Leaving the pictures aside, transcribe every line below exactly.
─── COLLECTED DATA
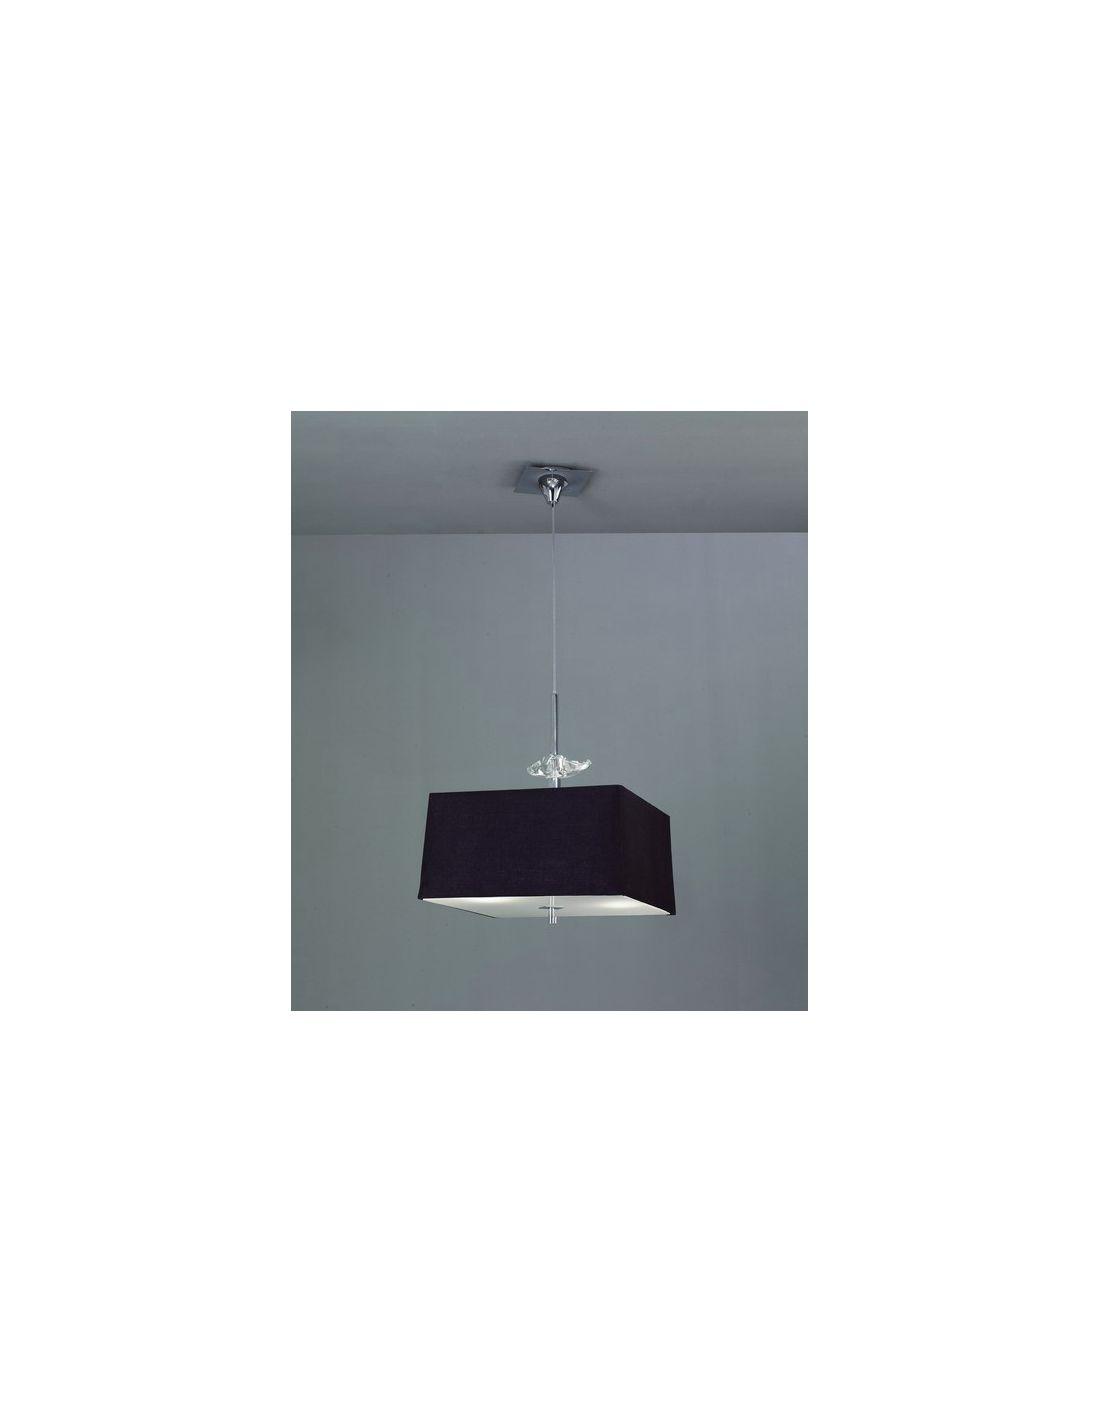 Lamparas lamparas modernas lamparas de techo modernas - Lamparas de techo baratas ...
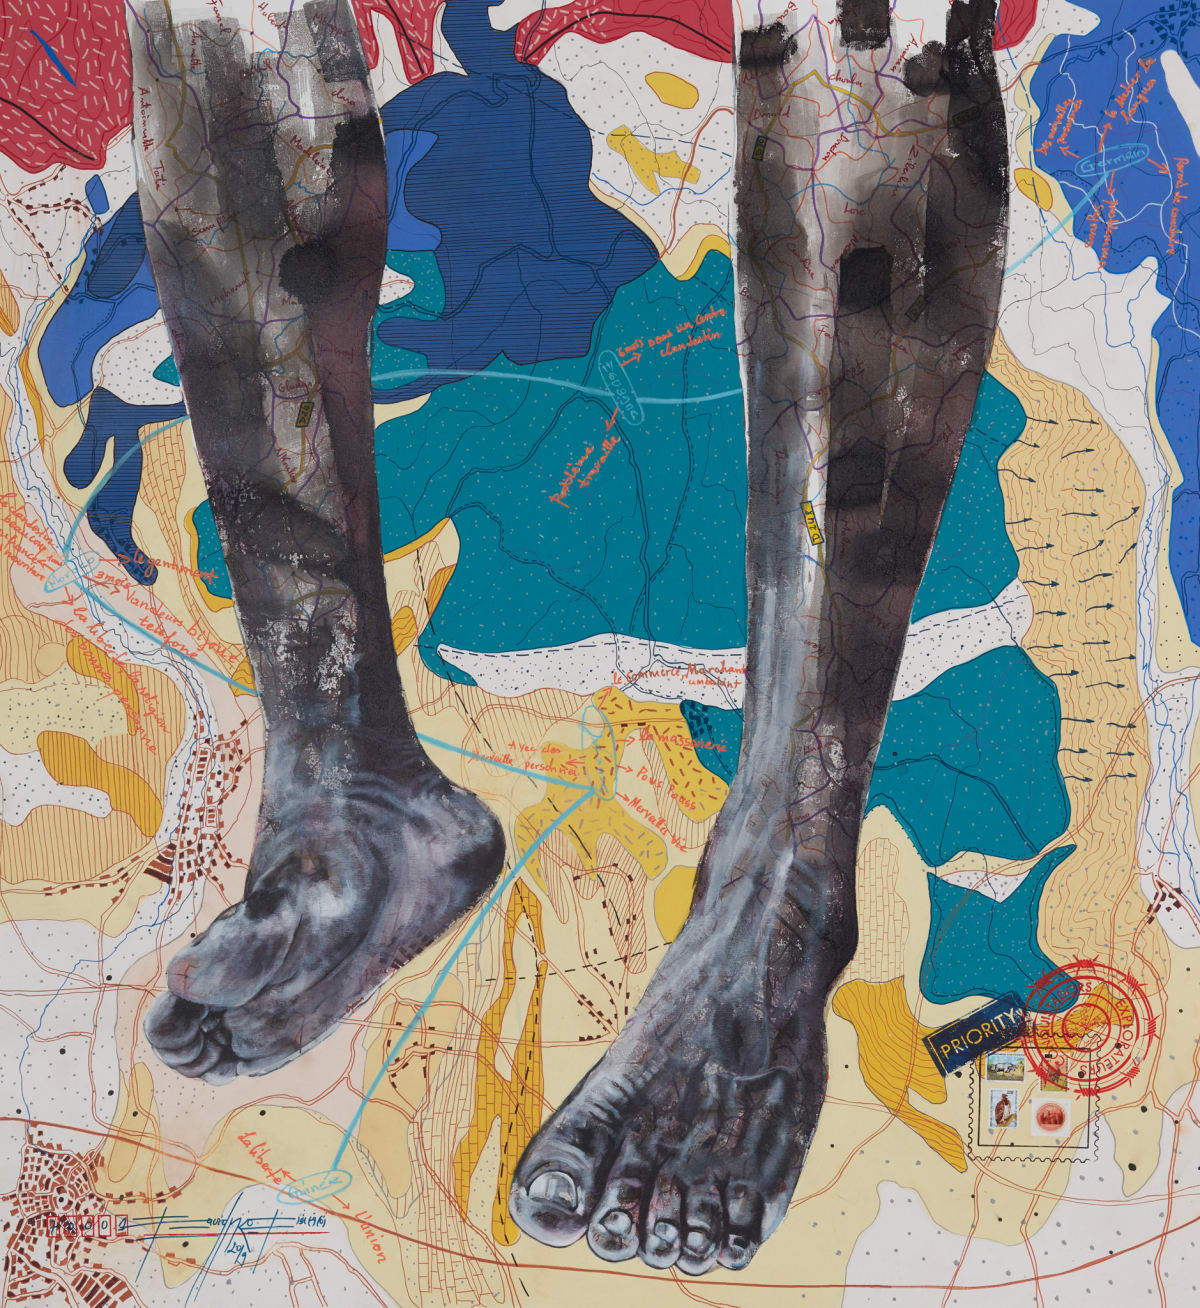 Jean David Nkot, www. the feet story. org, 2019
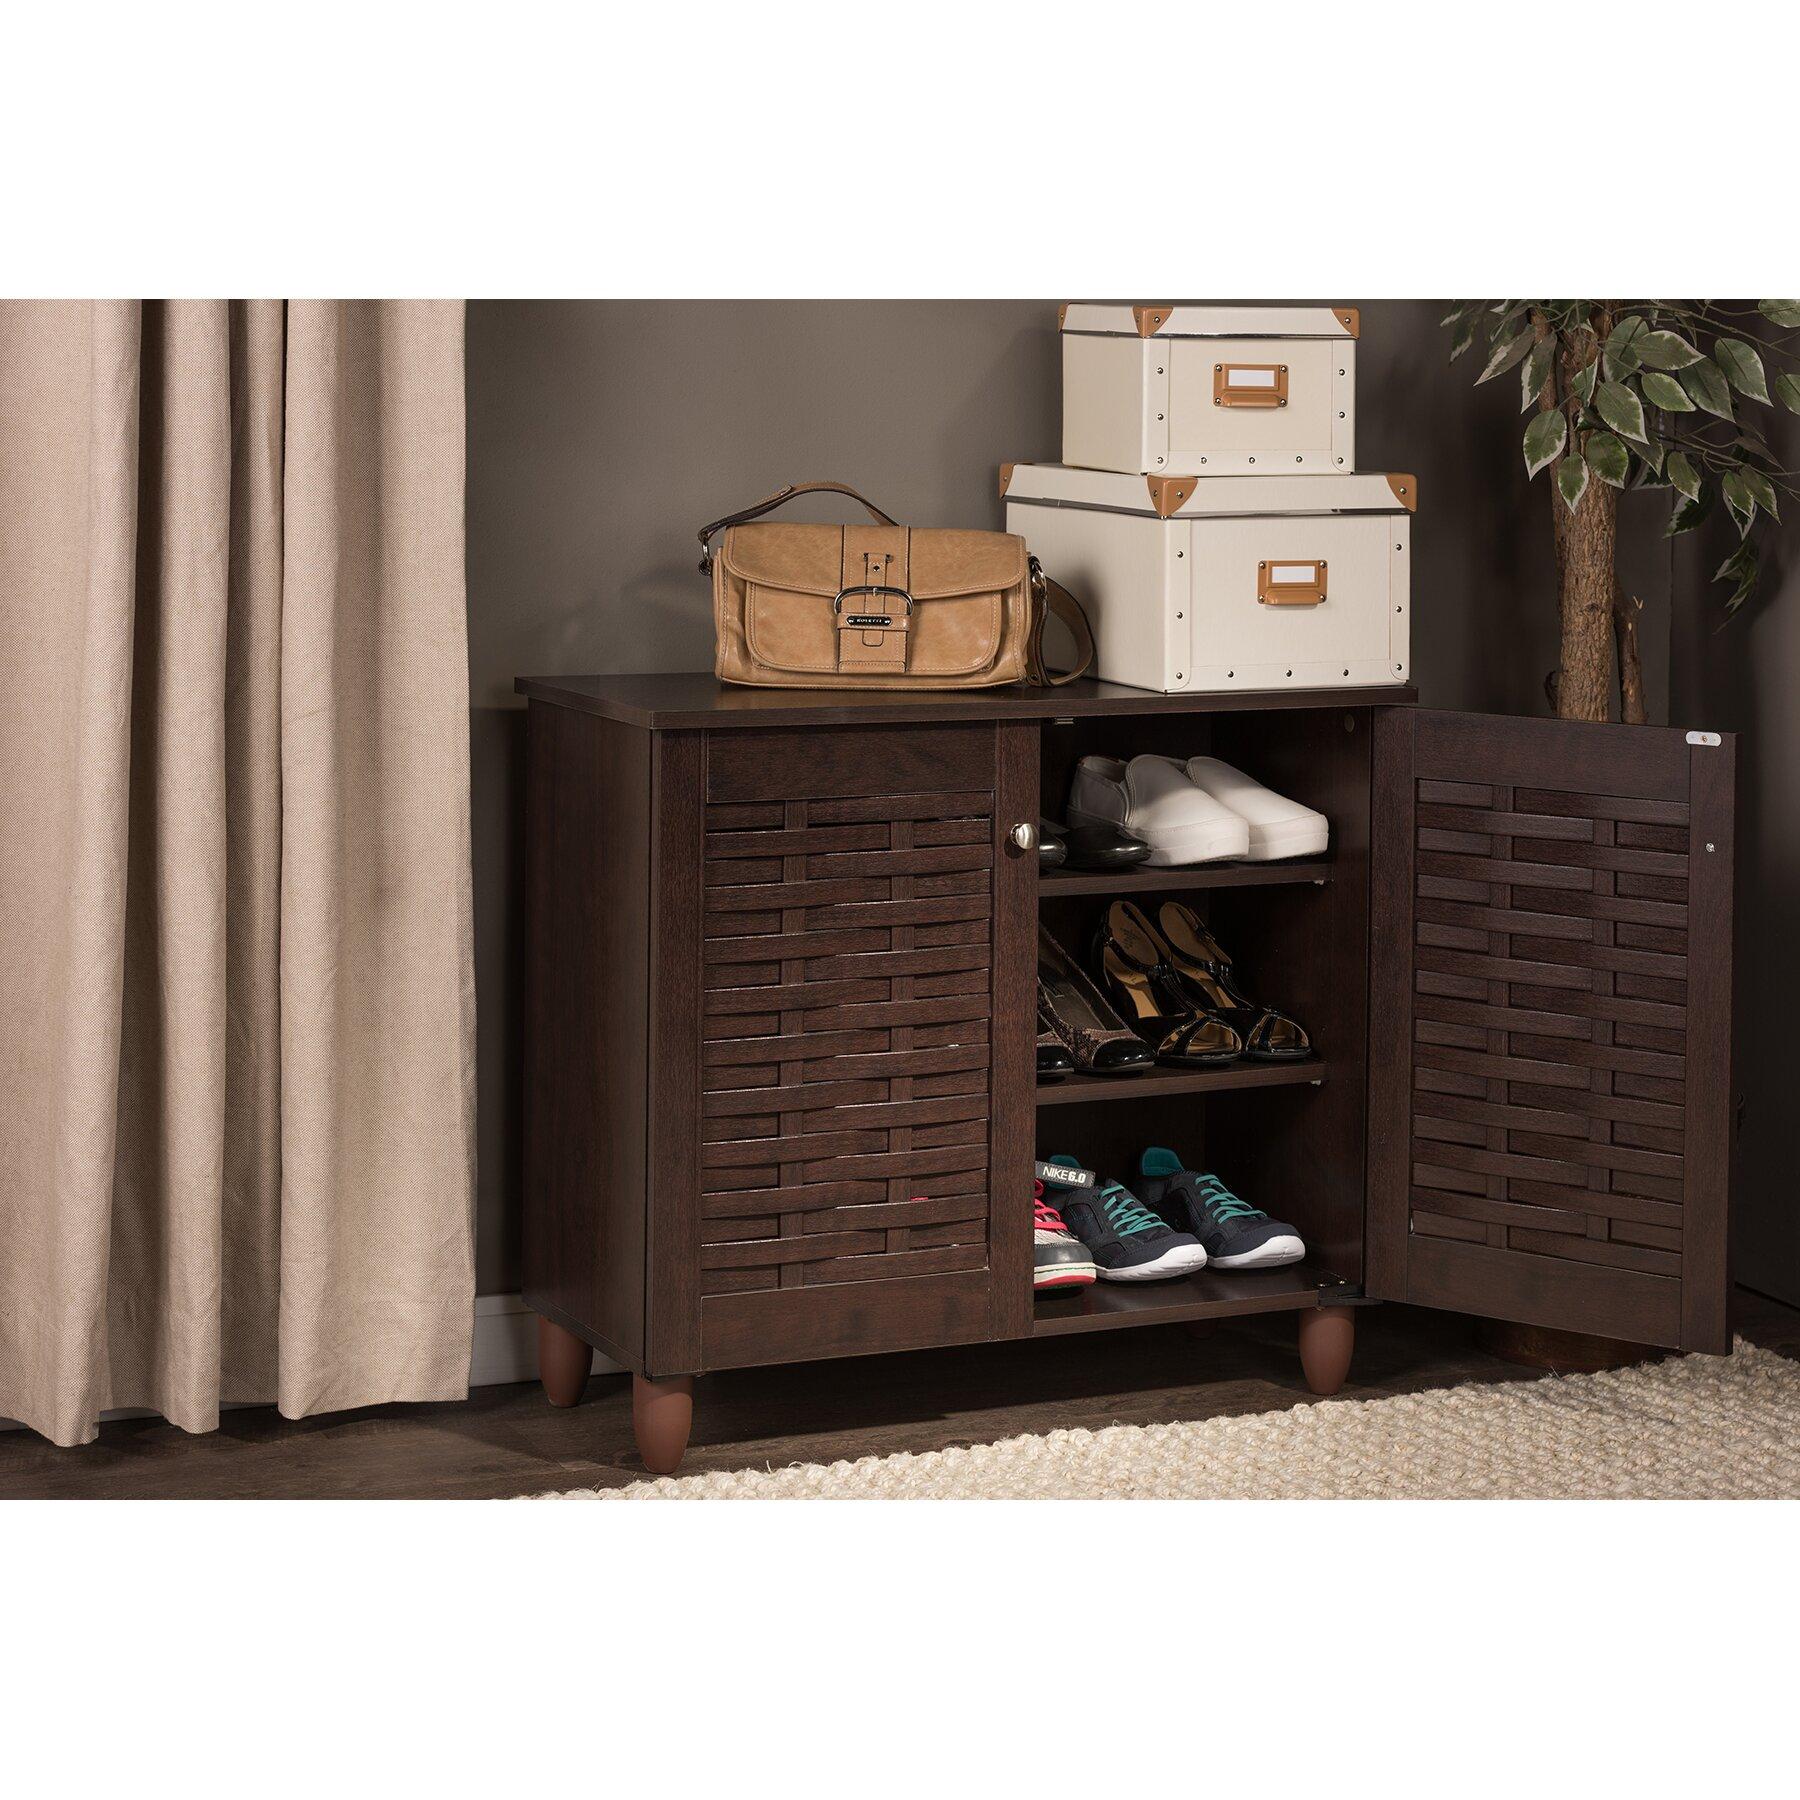 wholesale interiors baxton studio winda 9 pair shoe storage cabinet reviews wayfair. Black Bedroom Furniture Sets. Home Design Ideas
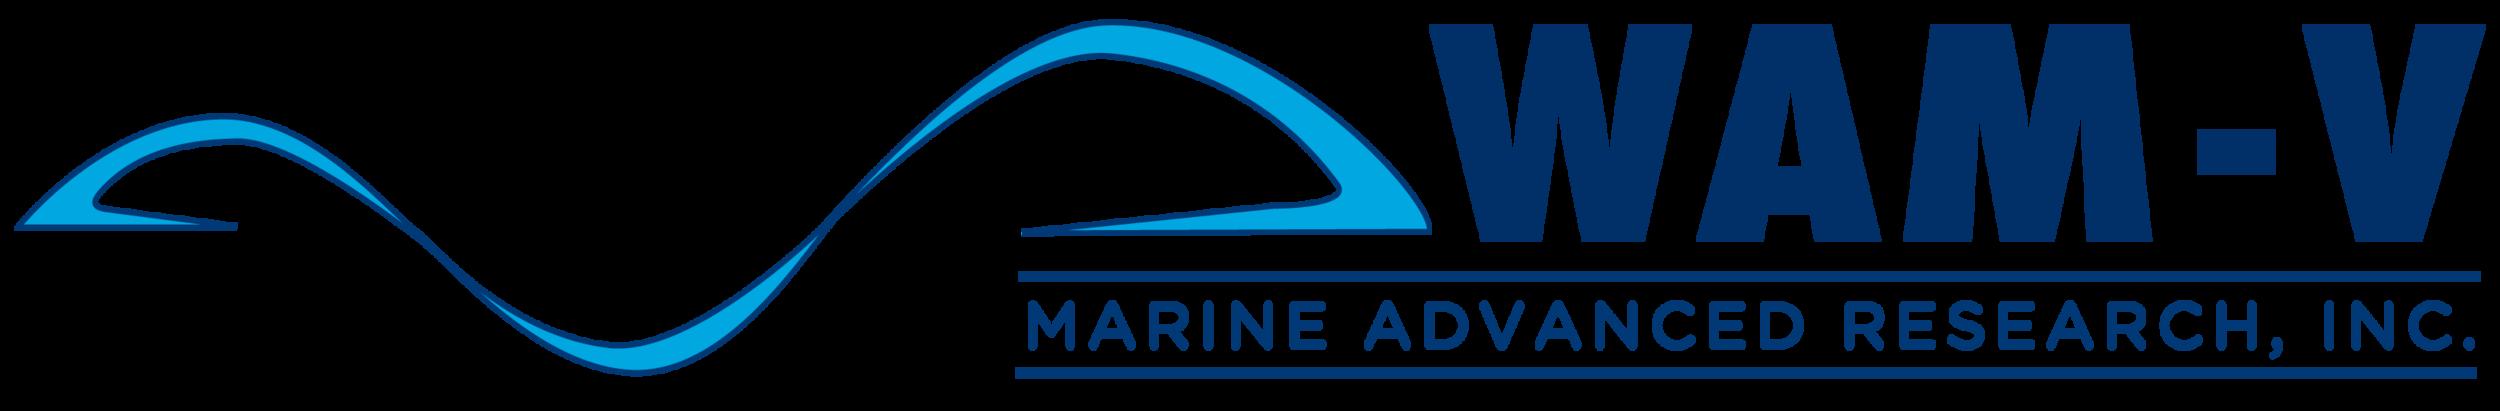 MAR_Full-Logo-PNG24-transparent.png
──────
TASK RESPONSE ::
 Lamparas lamparas modernas lamparas de techo modernas - Lamparas de techo baratas ...
 Jean David Nkot, www. the feet story. org, 2019
 wholesale interiors baxton studio winda 9 pair shoe storage cabinet reviews wayfair. Black Bedroom Furniture Sets. Home Design Ideas
 MAR_Full-Logo-PNG24-transparent.png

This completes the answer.